In 2020, global retail e-commerce sales are expected to grow to $4.88 trillion, more than double 2017 figures. The Amazon effect is at the heart of this e-commerce boom: consumers are empowered to demand what they want and when.
These demands aren’t what they used to be, catching retailers and service providers ill-equipped to keep up. With shrinking store footprints and faster product turns, warehouse operators have been shifting to accommodate more SKUs and lower order quantities, while struggling to staff for growing demand and supporting service level goals. This new fulfillment landscape is forcing the hands of supply chain executives, leaving them no option but to automate or fold.
Warehouse operators traditionally turn to large-scale automation solutions to handle these challenges. They buy multi-million dollar conveyor, shuttle and automatic storage and retrieval systems that take up to a year to implement and nearly six years to see return on investment.
The only problem? Suppliers without the regular-season volume or space to justify the cost and size of such systems are left out. These smaller operations can’t justify the bolted-down, caged-off systems, which add complexity and cost to warehouse layouts and budgets.
A new way to automate
Most logistics leaders agree that warehouse automation is a must to remain relevant in today's economy. And now, there’s automation that provides the flexibility of manual cart picking with the performance of traditional automation. Collaborative mobile warehouse robots have emerged as the leading solution to help fill the gap for fulfillment providers, with the likes of XPO Logistics and others already using robots to fulfill orders.
What are collaborative mobile warehouse robots?
To understand what collaborative mobile warehouse robots are, operators need to understand the different types of warehouse robots on the market. Bob Trebilcock, editor of Modern Materials Handling, coined methodologies of leading warehouse robot solutions in a 2018 piece:
- “Lead me” approach: The robot is integrated into the site’s Warehouse Management System. It leads the picker by displaying the item and quantity of the pick at each location.

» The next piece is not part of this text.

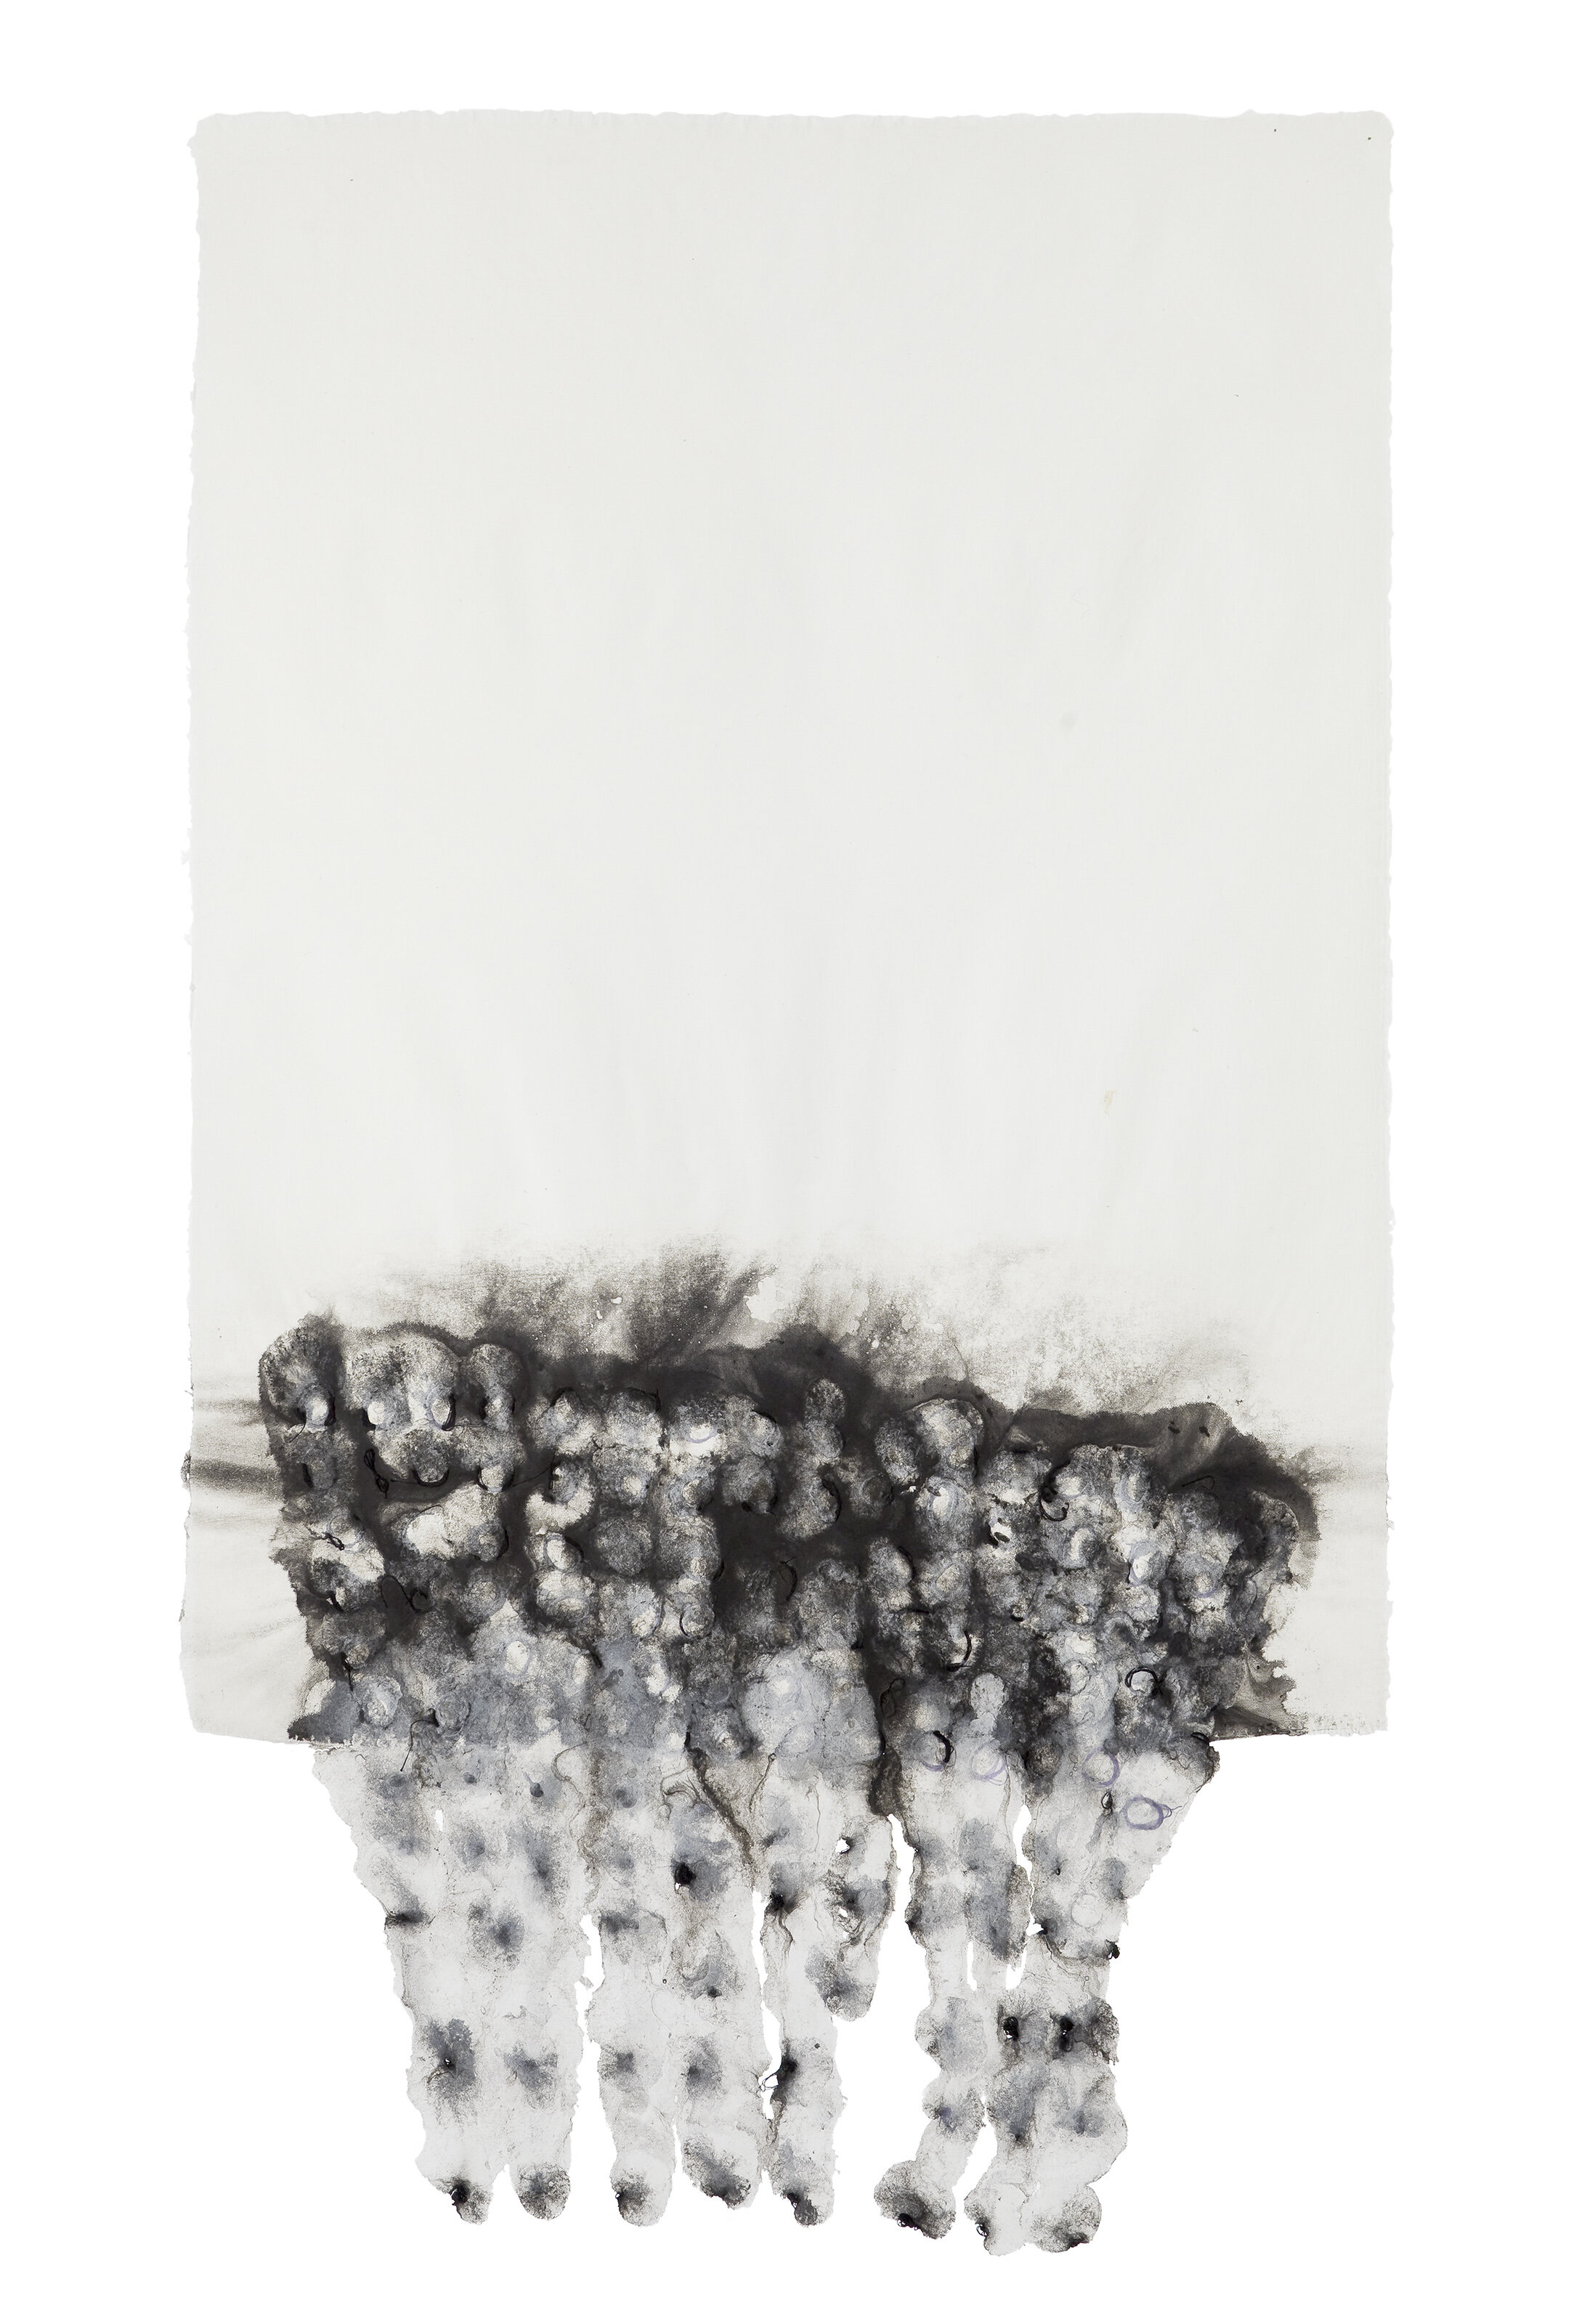  Ursula Von Rydingsvard,  Untitled (Inventory 5496) , 2009, Thread, pigment, linen handmade paper, 40 x 22.5 inches.

- “Follow me” approach: The robot, an automated cart, acts like a tugger pulling other carts behind it. It follows a picker who controls the bot with a device.
- “Swarm me” approach: The robot, integrated with the Warehouse Management System, waits for nearby pickers to interact with it.
- “Holy Grail” approach: The robot has piece-picking capabilities and travels autonomously to a pick location and does the picking. This approach does not involve humans.